Hacks and workarounds
OK, granted, there are some workarounds. You can use
SELECT... FOR UPDATE in MySQL to lock a session (if you don’t
plan to scale) or you could use so-called spinlocks with timeouts. You could
even put a network filesystem under your sessions if you like getting up at 2 AM to an outage. But let’s face it, these
are hacks more than anything. In a world where you have a fully blown application running in the browser, allowing one
request in parallel just isn’t cool any more.
Lower the granularity of locks
The biggest problem with PHP’s session handling is that it gives you a false sense of security. It pretends that locks are a part of the session as a contract in the dev environment, but they really aren’t. And sessions without locks are just an accident waiting to happen, especially the way PHP does them where it is incredibly easy to just store any crap in them.
Later on, when you discover that sessions are biting you in the behind, there is no easy way to get rid of them. Your application code probably just knows about one giant session object where it can store stuff in, it doesn’t know how to handle a segmented data storage that you could lock separately. Nah, you need to rewrite your whole application. Ok, maybe not the whole, but a significant chunk of it.
So, in order to avoid this disaster, you need to lower the lock granularity. This means that you need to lock only what you need. How do you do that? Well, you have a database, right? So if you want to store credentials, you can give them a table. Say, create one table like this:
CREATE TABLE access ( id VARCHAR(255) PRIMARY KEY, user_id BIGINT NOT NULL, expires DATETIME, INDEX i_user_id(user_id), CONSTRAINT fk_access_user_id FOREIGN KEY (user_id) REFERENCES user(id) ON UPDATE CASCADE ON DELETE CASCADE );
Now, what you do is you send the user the access ID in a cookie and whenever a user comes back, you can just look it up. Do you need locks on this? Nope, not really, since you only create it once, then update the expiry time and finally delete it when needed. Totally safe.

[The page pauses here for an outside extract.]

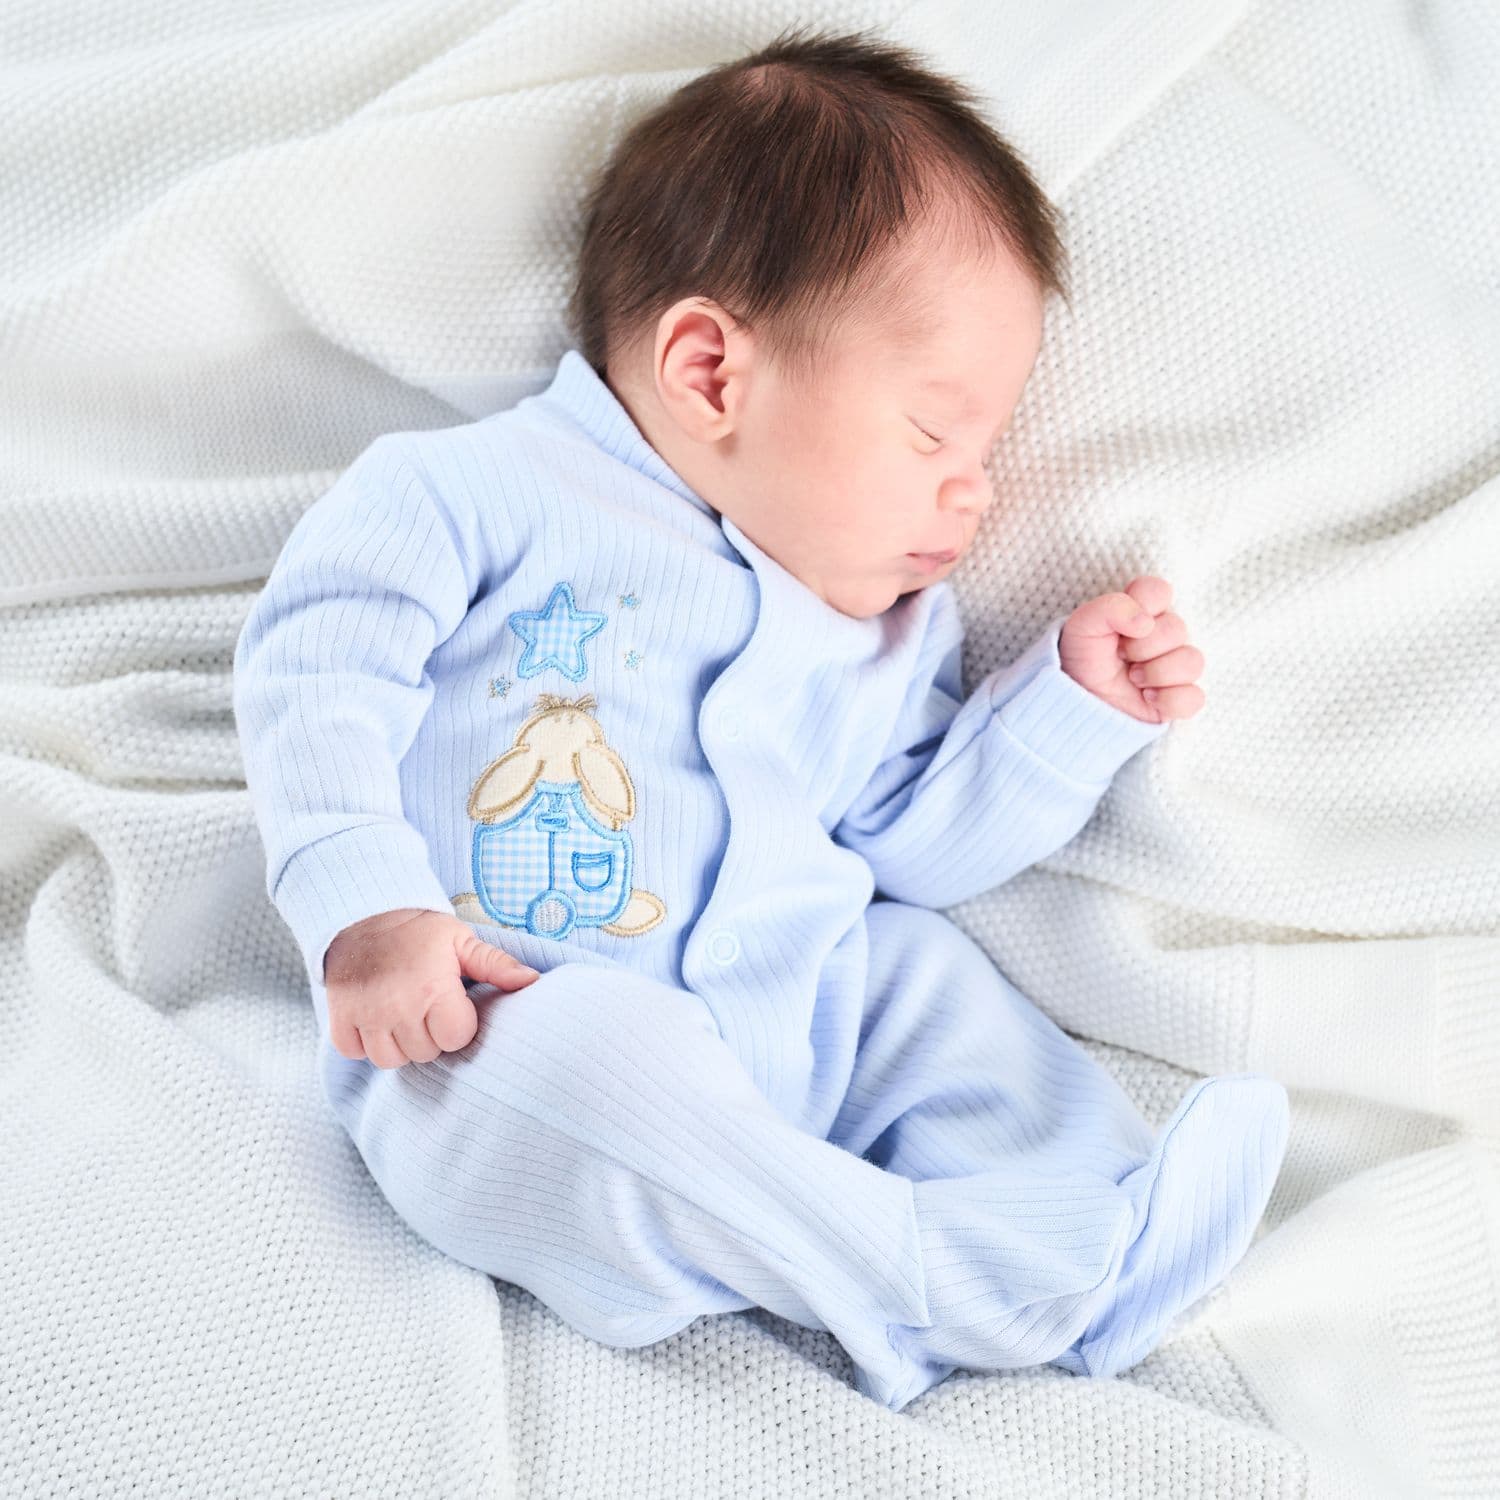 This blue ribbed sleepsuit is designed specifically for premature baby boys by Dandelion, providing maximum comfort and breathability. Made from 100% cotton, it features a charming rabbit and teddy motif and convenient push button fastening. Available in sizes 3-5lbs and 5-8lbs, this sleepsuit is perfect for your little one's delicate needs.

Next up, shopping cart. This one is interesting, because if the user clicks around like crazy, strange things can happen. So to avoid confusion, you can use transactions for your updates, and then always send back the current state of the shopping cart:
START TRANSACTION; DELETE FROM cart_items WHERE card_id=? AND card_item_id=?; SELECT * FROM cart_items WHERE cart_id=? COMMIT;
See? Again, no locks needed, just make sure the user always sees the latest state and doesn’t get a mismatching update.
And so on, so forth. Yes, I’m vastly oversimplifying things, but you don’t need a session to store all your user state. Besides, dropping the session as a state storage also has some neat advantages, like being able to share your cart between the desktop and mobile device, etc.
If you really don’t want to access the database all the time, well, you can still store a lot of stuff in cookies and local storage. Just be sure to keep the security aspect in mind.
And if you really need locks, make them as granular as possible and make them explicit in your business logic. However, it is best to avoid them if possible. You can do that by organizing your data structure in a way that makes them unnecessary, as shown in the examples above.
It’s not just PHP
Having one giant blob of data for a user on the server side is by no means just a PHP problem. However, PHP makes it particularly easy to shoot yourself in the foot. Sessions as a means of storing state are a liability in the era of client side applications. They may work for small webshops, but they are more trouble than they are worth, and I found that dropping the concept of sessions made my code a lot cleaner.
Can you build highly scalable sessions with distributed locking? Sure, but I hope your sysadmin likes running a Zookeeper cluster for you.